Currently, confidential GPU workloads are supported only on bare-metal systems with AMD SEV-SNP. They're not supported on bare-metal systems using Intel TDX.

GPUs without Confidential Computing support can't be used with Contrast.

See the section on Supported GPU hardware for more information.

Prerequisites

  1. Set up cluster
  2. Configure for GPU usage
  3. Install CLI
  4. Deploy the Contrast runtime
  5. Add Coordinator to resources
  6. Prepare deployment files

How-to

If the cluster is configured for GPU usage, pods can use GPUs by adding an extended resource limit to the pod definition.

apiVersion: v1
kind: Pod
metadata:
name: gpu-demo
spec:
runtimeClassName: contrast-cc
containers:
- name: gpu-demo
image: ghcr.io/edgelesssys/tensorflow@sha256:73fe35b67dad5fa5ab0824ed7efeb586820317566a705dff76142f8949ffcaff
resources:
limits:
nvidia.com/pgpu: "1"

Contrast automatically detects if a pod requires a GPU and assigns the appropriate GPU-enabled runtime class (for example, contrast-cc-metal-qemu-snp-gpu) during the contrast generate step.

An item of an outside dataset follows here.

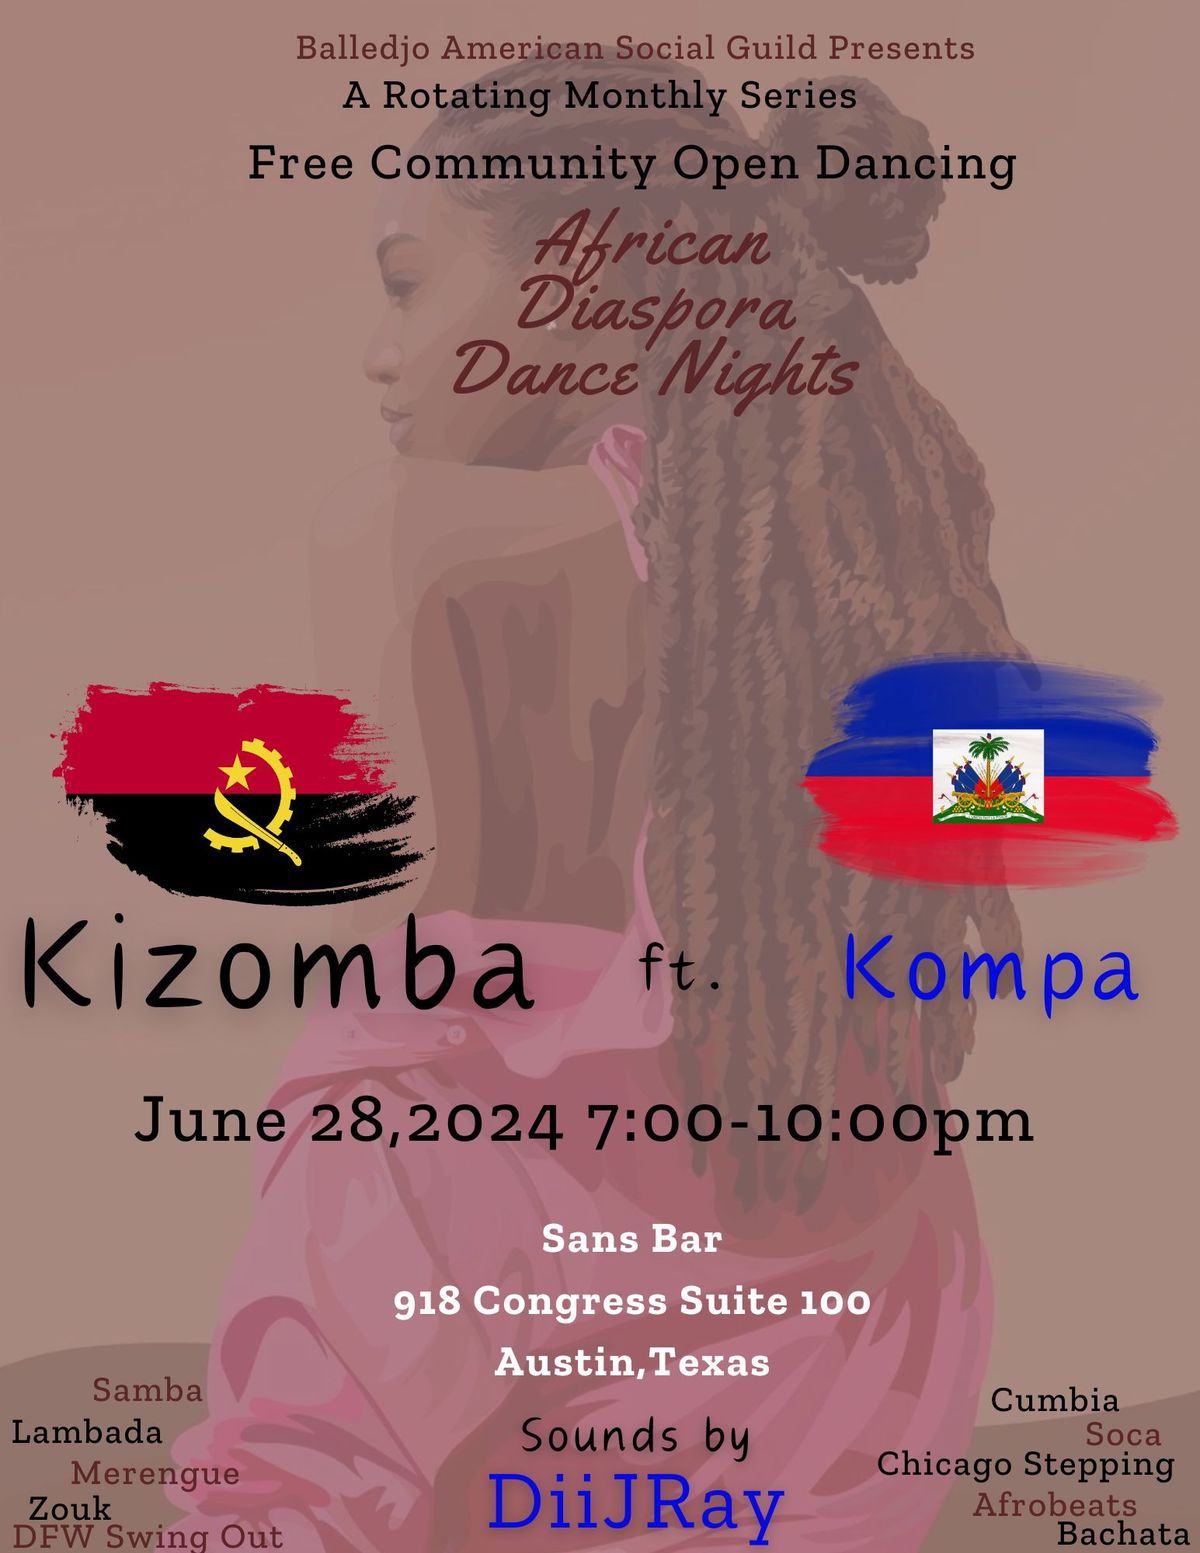 African Diaspora Dance Nights - Kizomba ft. Kompa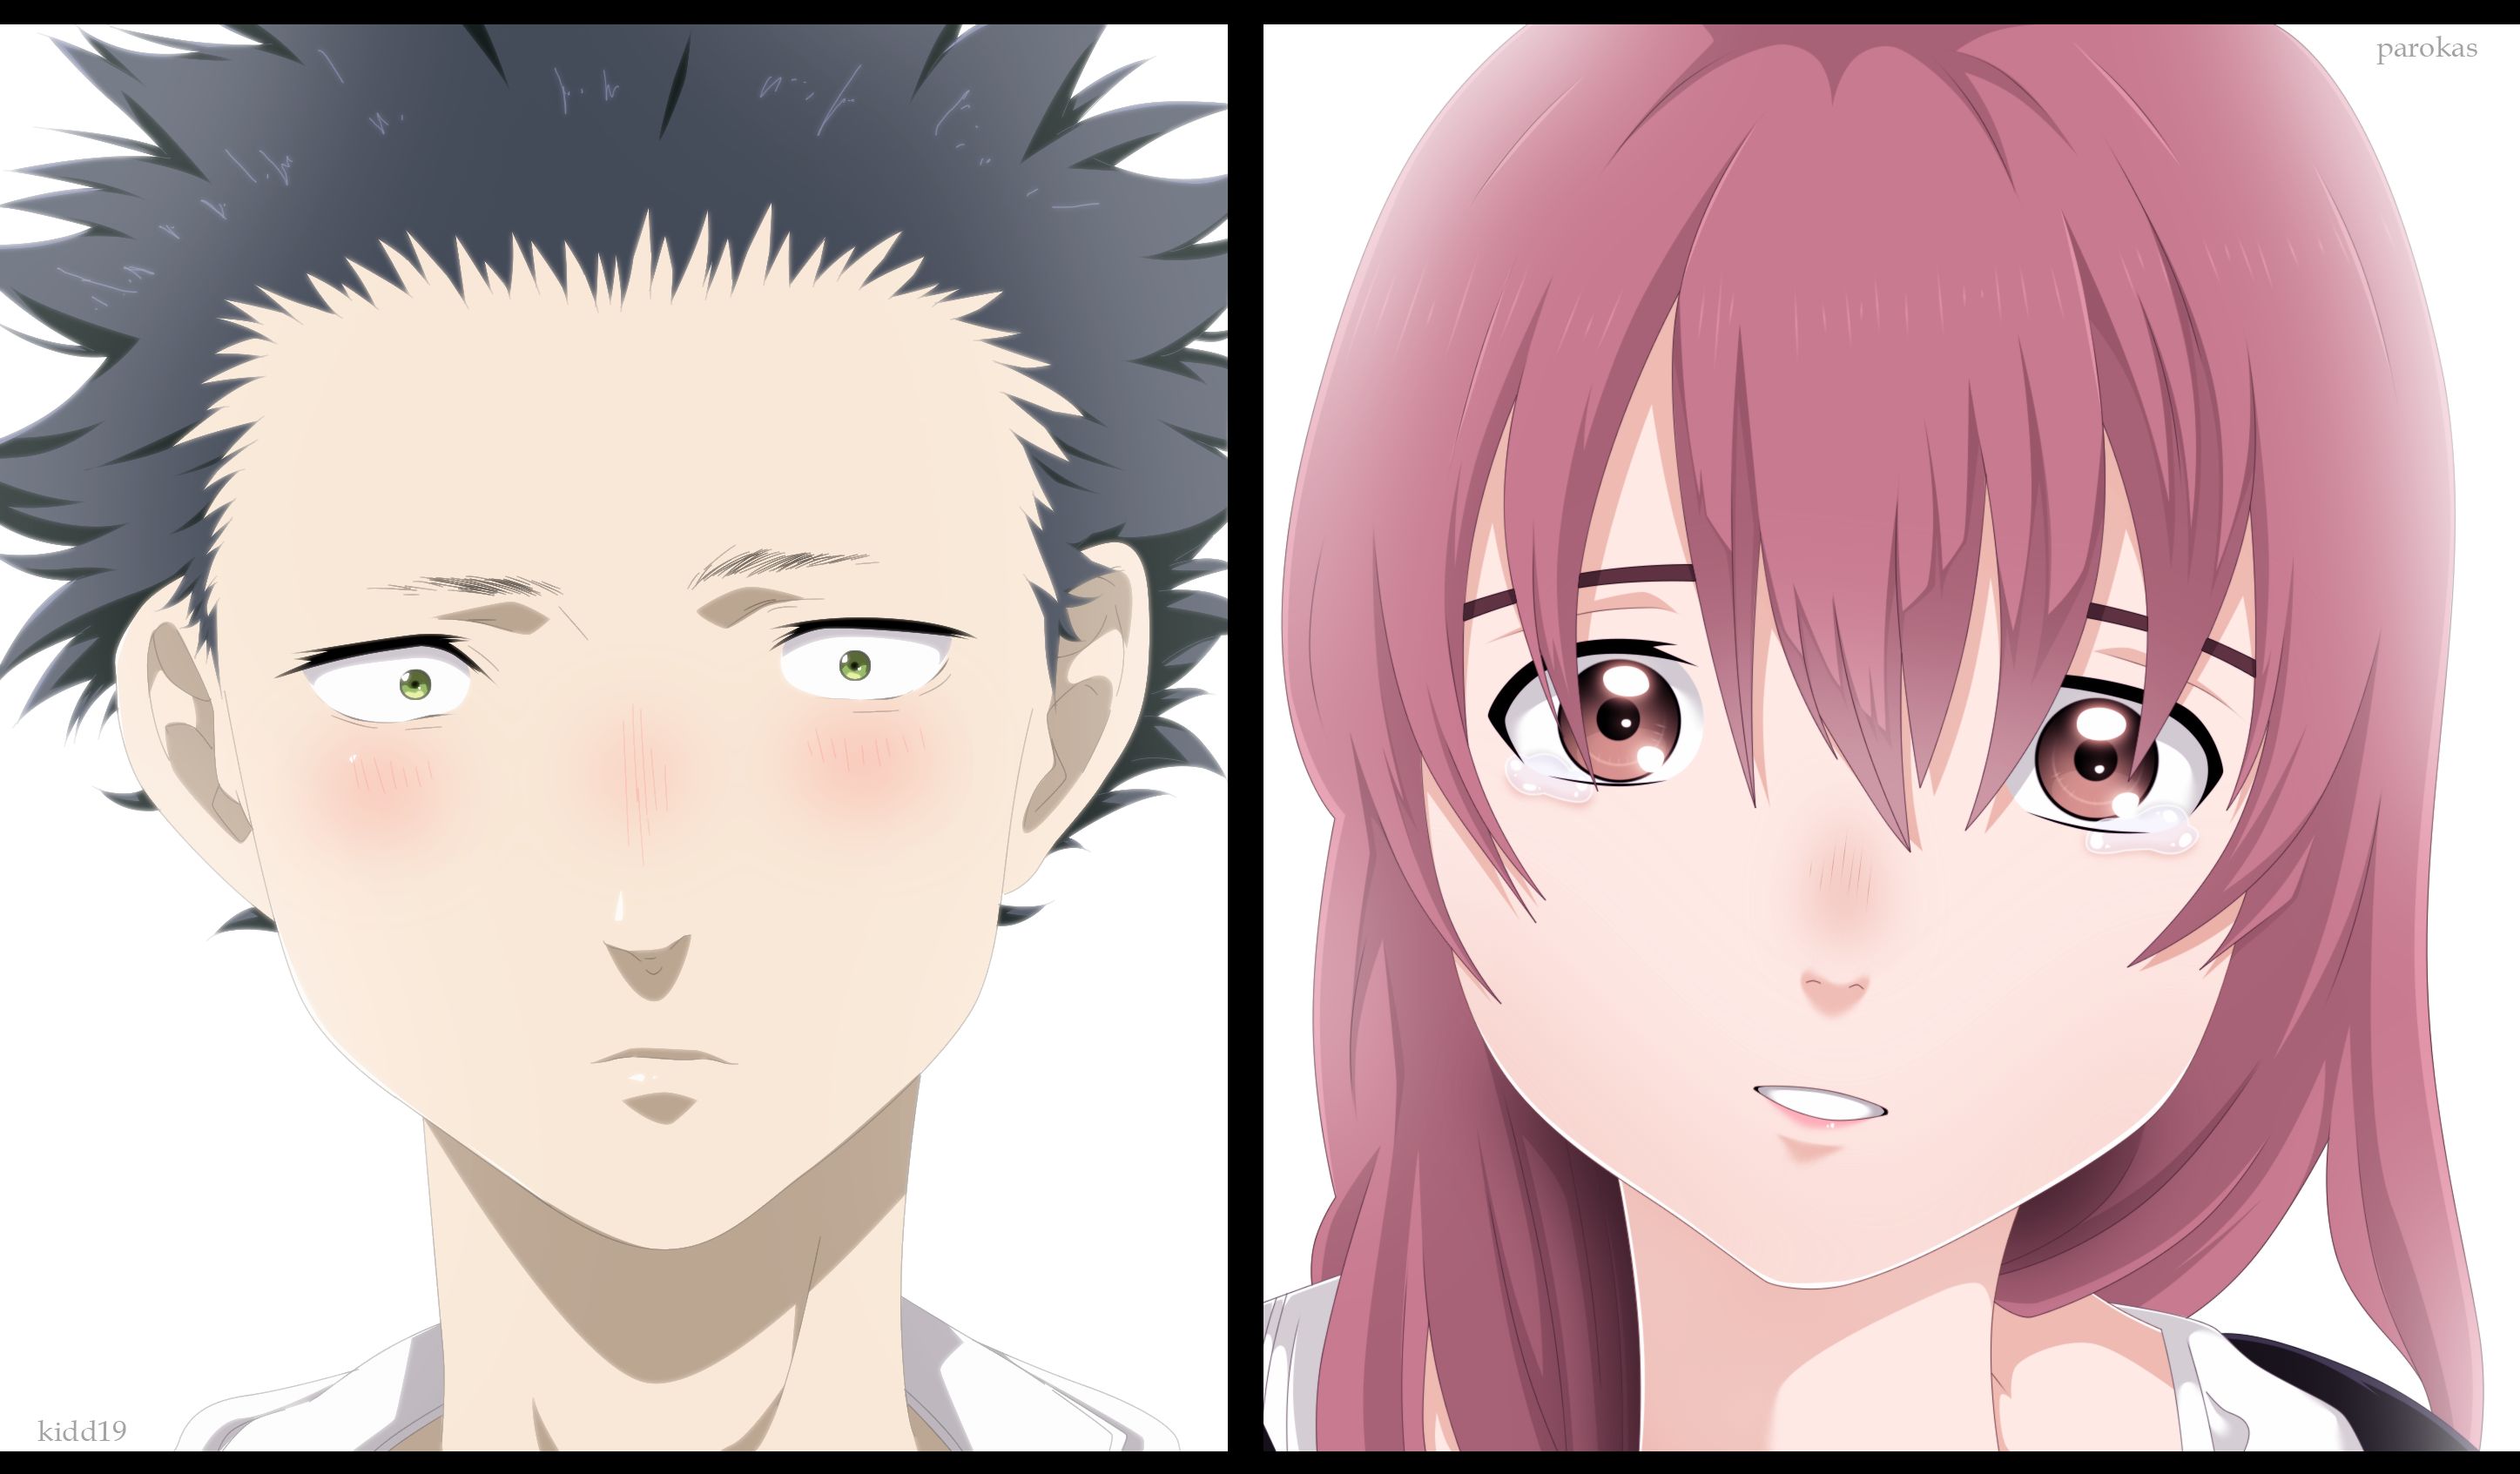 Baixe gratuitamente a imagem Anime, Shouko Nishimiya, Shouya Ishida, Koe No Katachi na área de trabalho do seu PC

For more details on manual runtime class selection, see the multi-runtime class documentation.

If you deployed the NVIDIA GPU operator as described above, the resource name is nvidia.com/pgpu. Otherwise, you need to consult your CDI definitions (in /var/run/cdi or /etc/cdi) to find the appropriate device class.

Finally, the environment variable NVIDIA_VISIBLE_DEVICES can be set to all to grant other containers access to the GPUs directly assigned to other containers in the pod. This can be useful for configuring a GPU in an init container, for example.

note

A pod configured to use GPU support may take a few minutes to come up, as the VM creation and boot procedure needs to do more work compared to a non-GPU pod.